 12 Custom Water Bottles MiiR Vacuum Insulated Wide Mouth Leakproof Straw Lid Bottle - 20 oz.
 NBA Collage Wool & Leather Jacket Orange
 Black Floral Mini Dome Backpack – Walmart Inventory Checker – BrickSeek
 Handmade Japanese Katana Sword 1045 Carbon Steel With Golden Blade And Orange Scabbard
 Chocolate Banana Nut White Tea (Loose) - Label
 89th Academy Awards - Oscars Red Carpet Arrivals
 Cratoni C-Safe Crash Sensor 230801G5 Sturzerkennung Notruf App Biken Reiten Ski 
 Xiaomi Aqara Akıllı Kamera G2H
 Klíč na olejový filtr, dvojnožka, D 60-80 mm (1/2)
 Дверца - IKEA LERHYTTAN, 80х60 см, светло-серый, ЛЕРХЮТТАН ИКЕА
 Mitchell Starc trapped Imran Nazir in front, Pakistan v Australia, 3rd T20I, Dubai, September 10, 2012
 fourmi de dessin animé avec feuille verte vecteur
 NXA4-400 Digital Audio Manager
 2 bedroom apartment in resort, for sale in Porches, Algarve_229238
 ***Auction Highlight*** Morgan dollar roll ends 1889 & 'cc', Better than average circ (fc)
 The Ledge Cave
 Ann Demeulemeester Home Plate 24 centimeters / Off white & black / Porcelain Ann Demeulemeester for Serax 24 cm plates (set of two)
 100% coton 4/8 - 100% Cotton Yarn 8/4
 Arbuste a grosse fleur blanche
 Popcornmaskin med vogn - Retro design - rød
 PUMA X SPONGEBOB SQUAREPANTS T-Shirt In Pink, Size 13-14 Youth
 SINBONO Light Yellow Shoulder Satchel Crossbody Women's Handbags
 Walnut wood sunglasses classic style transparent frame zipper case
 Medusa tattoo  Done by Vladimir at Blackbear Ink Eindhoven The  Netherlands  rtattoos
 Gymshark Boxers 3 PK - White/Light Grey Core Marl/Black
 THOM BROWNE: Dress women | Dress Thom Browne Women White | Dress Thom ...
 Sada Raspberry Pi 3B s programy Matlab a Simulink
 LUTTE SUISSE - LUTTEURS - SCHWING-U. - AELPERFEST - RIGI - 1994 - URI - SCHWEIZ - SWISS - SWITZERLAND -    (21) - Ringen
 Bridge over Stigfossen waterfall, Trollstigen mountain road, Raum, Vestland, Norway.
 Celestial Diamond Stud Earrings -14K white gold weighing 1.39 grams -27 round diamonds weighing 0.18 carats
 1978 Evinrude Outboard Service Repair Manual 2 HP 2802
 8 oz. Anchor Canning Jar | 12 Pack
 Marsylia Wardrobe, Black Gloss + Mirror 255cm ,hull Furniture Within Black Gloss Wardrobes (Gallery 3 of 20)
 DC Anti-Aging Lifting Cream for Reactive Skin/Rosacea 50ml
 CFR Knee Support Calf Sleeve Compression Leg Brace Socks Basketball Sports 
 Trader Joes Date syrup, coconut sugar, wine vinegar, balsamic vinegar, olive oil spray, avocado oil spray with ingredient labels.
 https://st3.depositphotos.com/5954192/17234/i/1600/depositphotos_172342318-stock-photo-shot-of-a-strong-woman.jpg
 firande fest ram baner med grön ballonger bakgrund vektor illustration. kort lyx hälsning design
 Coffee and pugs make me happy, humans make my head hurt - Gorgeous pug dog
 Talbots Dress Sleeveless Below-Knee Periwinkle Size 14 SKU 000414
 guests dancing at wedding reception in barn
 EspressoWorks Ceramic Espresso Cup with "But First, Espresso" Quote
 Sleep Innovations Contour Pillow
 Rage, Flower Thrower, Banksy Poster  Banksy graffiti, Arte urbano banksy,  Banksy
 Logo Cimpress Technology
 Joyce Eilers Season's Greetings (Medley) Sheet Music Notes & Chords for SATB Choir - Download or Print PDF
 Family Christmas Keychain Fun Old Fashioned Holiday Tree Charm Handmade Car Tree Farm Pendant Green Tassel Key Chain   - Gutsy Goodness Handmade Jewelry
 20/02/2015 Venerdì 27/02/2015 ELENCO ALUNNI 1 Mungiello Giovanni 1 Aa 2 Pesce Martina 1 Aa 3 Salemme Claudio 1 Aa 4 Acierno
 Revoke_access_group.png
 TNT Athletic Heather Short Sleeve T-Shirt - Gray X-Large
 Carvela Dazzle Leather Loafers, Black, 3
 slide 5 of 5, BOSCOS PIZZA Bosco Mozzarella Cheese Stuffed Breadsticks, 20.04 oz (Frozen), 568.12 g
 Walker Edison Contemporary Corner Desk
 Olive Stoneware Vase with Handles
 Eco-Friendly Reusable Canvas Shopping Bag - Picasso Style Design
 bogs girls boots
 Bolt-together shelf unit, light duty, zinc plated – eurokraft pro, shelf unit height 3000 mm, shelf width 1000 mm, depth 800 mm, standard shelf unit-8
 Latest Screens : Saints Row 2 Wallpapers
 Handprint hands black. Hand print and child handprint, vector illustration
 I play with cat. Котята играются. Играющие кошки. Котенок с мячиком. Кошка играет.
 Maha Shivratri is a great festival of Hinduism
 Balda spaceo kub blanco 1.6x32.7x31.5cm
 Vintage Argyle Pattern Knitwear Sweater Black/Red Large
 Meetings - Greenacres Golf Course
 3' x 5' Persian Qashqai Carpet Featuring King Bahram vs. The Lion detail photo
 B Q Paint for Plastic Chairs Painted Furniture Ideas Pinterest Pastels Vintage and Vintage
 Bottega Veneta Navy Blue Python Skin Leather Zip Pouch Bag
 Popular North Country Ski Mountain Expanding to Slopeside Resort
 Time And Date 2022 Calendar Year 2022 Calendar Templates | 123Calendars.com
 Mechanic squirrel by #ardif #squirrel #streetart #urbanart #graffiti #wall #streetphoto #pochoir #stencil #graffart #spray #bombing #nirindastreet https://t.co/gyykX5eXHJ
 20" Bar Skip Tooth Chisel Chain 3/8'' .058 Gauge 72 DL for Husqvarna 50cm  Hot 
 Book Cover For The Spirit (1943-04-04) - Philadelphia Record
----------------------------------------
### PROBLEM DESCRIPTION:
What are the lines above, starting at the one with "Sada Raspberry Pi" and ending at the one with "Celestial Diamond Stud"? Give them again exactly, and only them.

### EXERCISE RESPONSE:
 Sada Raspberry Pi 3B s programy Matlab a Simulink
 LUTTE SUISSE - LUTTEURS - SCHWING-U. - AELPERFEST - RIGI - 1994 - URI - SCHWEIZ - SWISS - SWITZERLAND -    (21) - Ringen
 Bridge over Stigfossen waterfall, Trollstigen mountain road, Raum, Vestland, Norway.
 Celestial Diamond Stud Earrings -14K white gold weighing 1.39 grams -27 round diamonds weighing 0.18 carats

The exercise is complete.